Un allarme eccessivo? Una visione catastrofista? Non proprio, perché i dati scientifici raccolti dagli addetti ai lavori dalla calotta artica agli oceani parlano chiaro, basta saperli leggere. La lotta ai cambiamenti climatici deve essere affrontata con un approccio sistemico che tenga conto dei riflessi che il climate change ha sulla disponibilità di cibo e acqua nel mondo.

Ne è profondamente convinto David, economista americano di primo piano, incluso nella cerchia delle amicizie del presidente della Federal Reserve, Janet Yellen, numero uno della Fed che «ha fatto bene a non alzare i tassi di interesse Usa perché così ha dimostrato di esser consapevole, come la Gran Bretagna del XIX secolo, del ruolo dei banchieri centrali per la stabilizzazione globale della politica monetaria».

Come la politica monetaria della Fed è chiamata a tenere conto ormai nell’opera di stabilizzazione globale della politica monetaria, degli effetti della frenata della Cina e dei riflessi sui mercati emergenti come il Brasile, così siamo chiamati a mettere in campo una visione mondiale «per limitare l’emissione dei gas serra in termini accettabili in relazione alla popolazione globale». A temi globali interconnessi bisogna dare una risposta idonea ad ampio spettro evitando di credere alle «rispote miracolistiche «silver bullet) poiché bisogna finanziare sistemi più sostenibili che riducano le emissioni di C02», ha ricordato David.

L’effetto che i cambiamenti climatici generano ormai non lo si può negare: aumento della temperatura terrestre, desertificazione, innalzamento dei mari («nel 2029 le acque potrebbero sommergere la Mole Antonelliana, l’edifico più alto di Torino se non corriamo ai ripari»), aumento della frequenza e dell’intensità di condizioni climatiche estreme. Tutti fattori che si ripercuotono sulle colture, provocando carestie e malnutrizione. «Nel dibattito pubblico e politico il climate change è un tema caldo «dove già ci sono le le soluzioni tecnologiche sul terreno ma spetta a noi cittadini spingere i politici all’azione pratica». «Non a caso Expo 2015 ruota intorno al cibo – ha detto David –. Tuttavia, nonostante molto se ne parli, non è stata messa in campo nessuna risposta che possa risultare efficace. Non desidero apparire catastrofista, ma è bene tenere presente che è in gioco il benessere materiale delle generazioni future».
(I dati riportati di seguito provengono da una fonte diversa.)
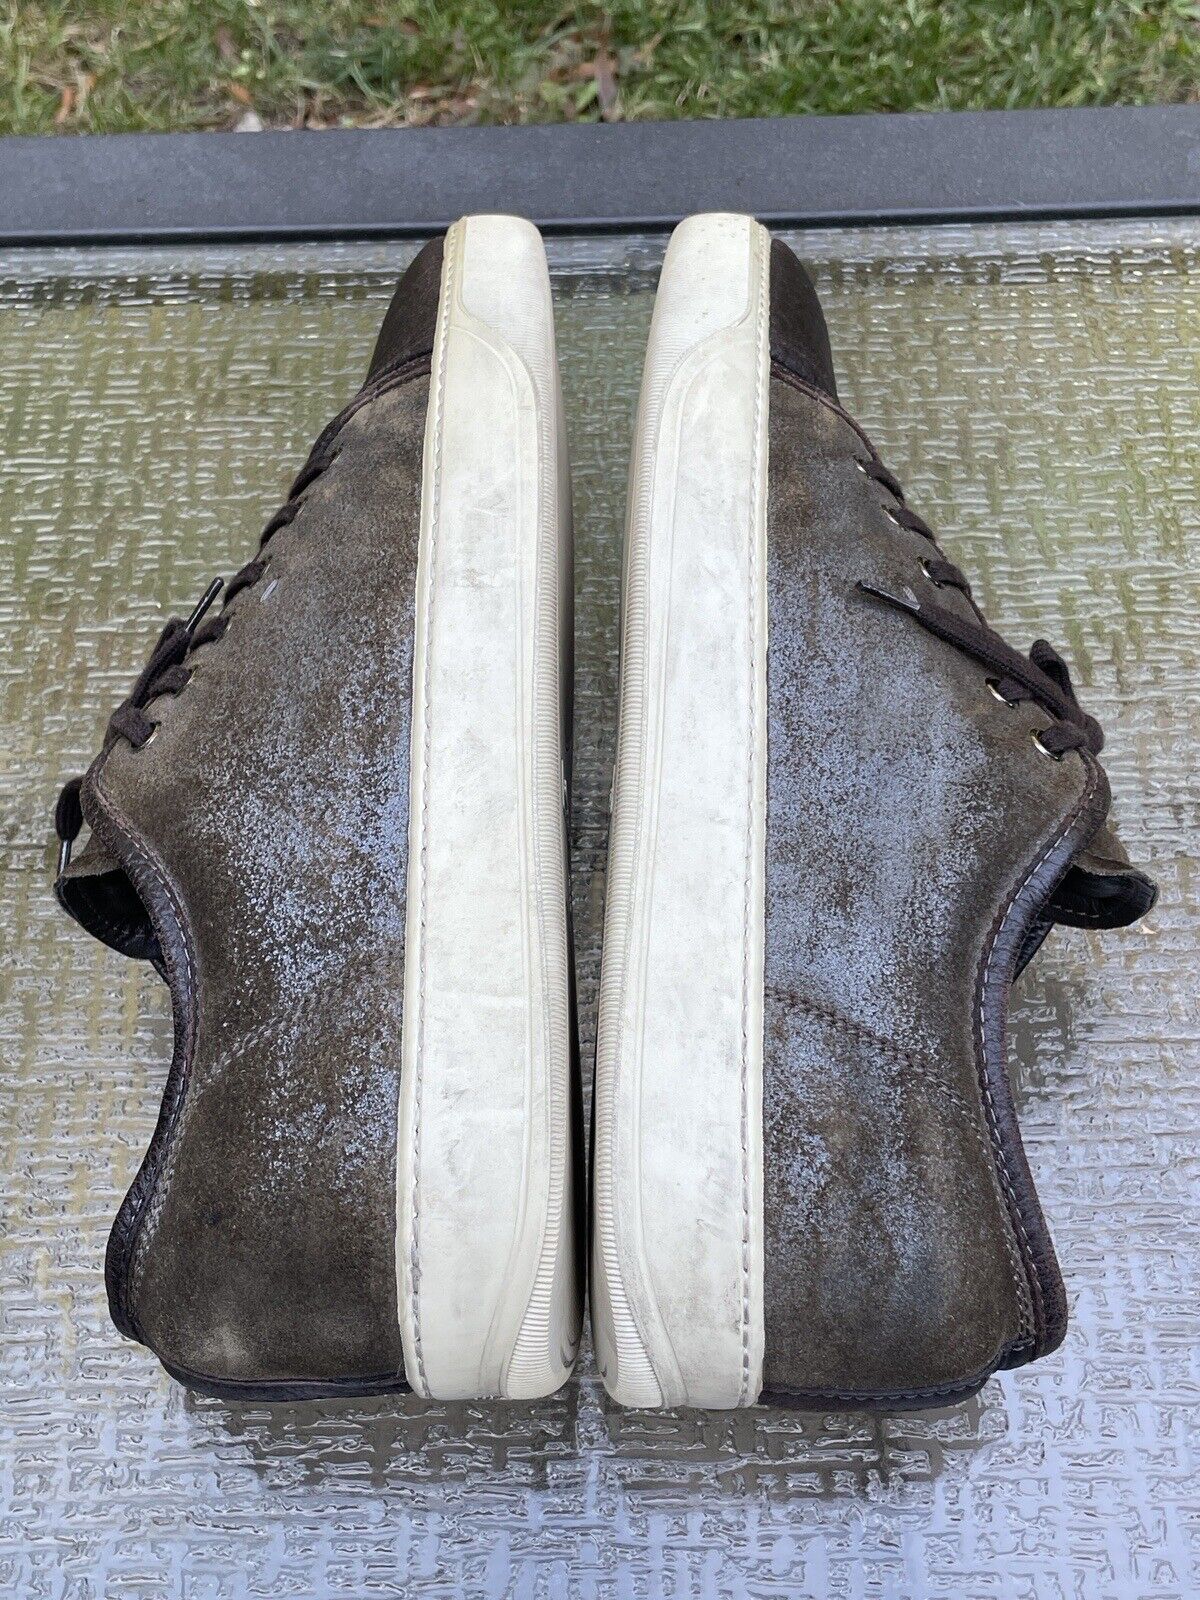 $450 Santoni ACADIA Distressed Brown Leather Sneakers Shoes MADE in ITALY
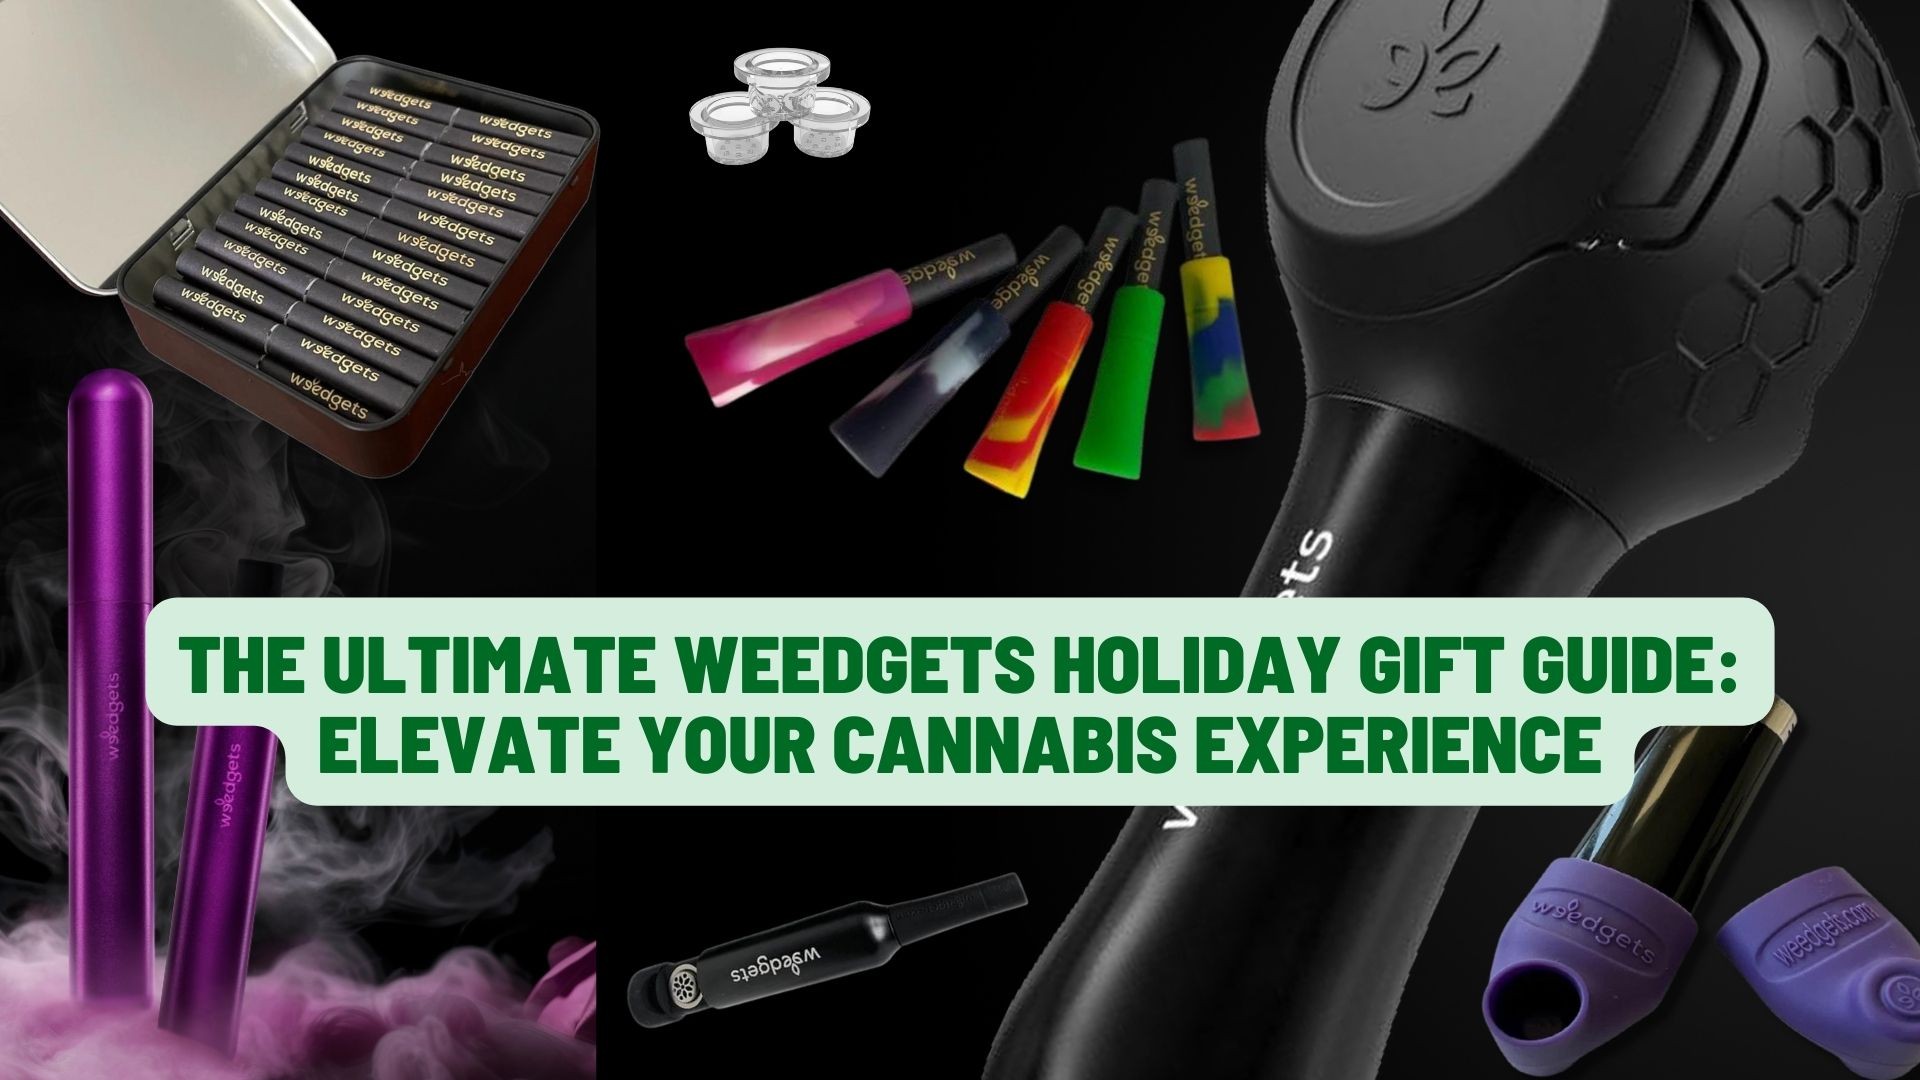 The Ultimate Weedgets Holiday Gift Guide: Elevate Your Cannabis Experience

Le soluzioni? Esistono già. «Oggi siamo in grado di consolidare i meccanismi di riduzione di gas serra, andando ad agire in modo strutturato sulla produzione e distribuzione dei beni e siamo in grado di pianificare, sull’esempio di quanto accade in Francia, adesso che c’è ancora tempo, la transizione energetica e di pensare a come assicurare la crescita economica e l’aumento del benessere in un mondo a basse emissioni di carbonio». La natura sta già correndo ai ripari: le foglie degli alberi si stanno riducendo darwinianamente per ridurre la perdita di acqua, ma questo riduce l’assorbimento del CO2 e l’emissione di ossigeno», ha ricordato David. I ghiacciai si riducono e sono sempre più piccoli e movimenti sociali come lo “Slow Food”, pur encomiabili pre certi aspetti non sono la soluzione di lungo termine al problema».

«Bisogna dare priorità per la sostenibilità del clima eliminando gli errori passati – ha detto David – e prepararsi alla transizione guardando ai feedback globali. Prepariamoci: forse i nostri nipoti mangeranno alghe».

David, oltre ad essere considerato, come ha ricordato nella presentazione il professor Marco Fortis, docente di economia industriale all’Università cattolica e direttore e vice presidente della Fondazione Edison, il pioniere di un nuovo metodo di indagine, quello della “dipendenza dal percorso”, che mette in relazione i piccoli eventi della storia con i processi della micro e macro economia, è il quinto ospite del ciclo di incontri che Edison dedica ai grandi innovatori dell’Economia, dopo Amartya Sen, Michael Landesmann, Jackie Krafft e Joel Mokyr.

«Quindi occorre un atteggiamento né pessimista, né ottimista, ma solo razionale di fronte al cambiamento c limatico con incentivi che possano spingere il mercato con piani di orientamento e seguire un principio etico in una fase storica inedita», ha commentato il professore Alberto Quadrio Curzio, presidente dell’Accademia dei Lincei, a conclusione dei lavori.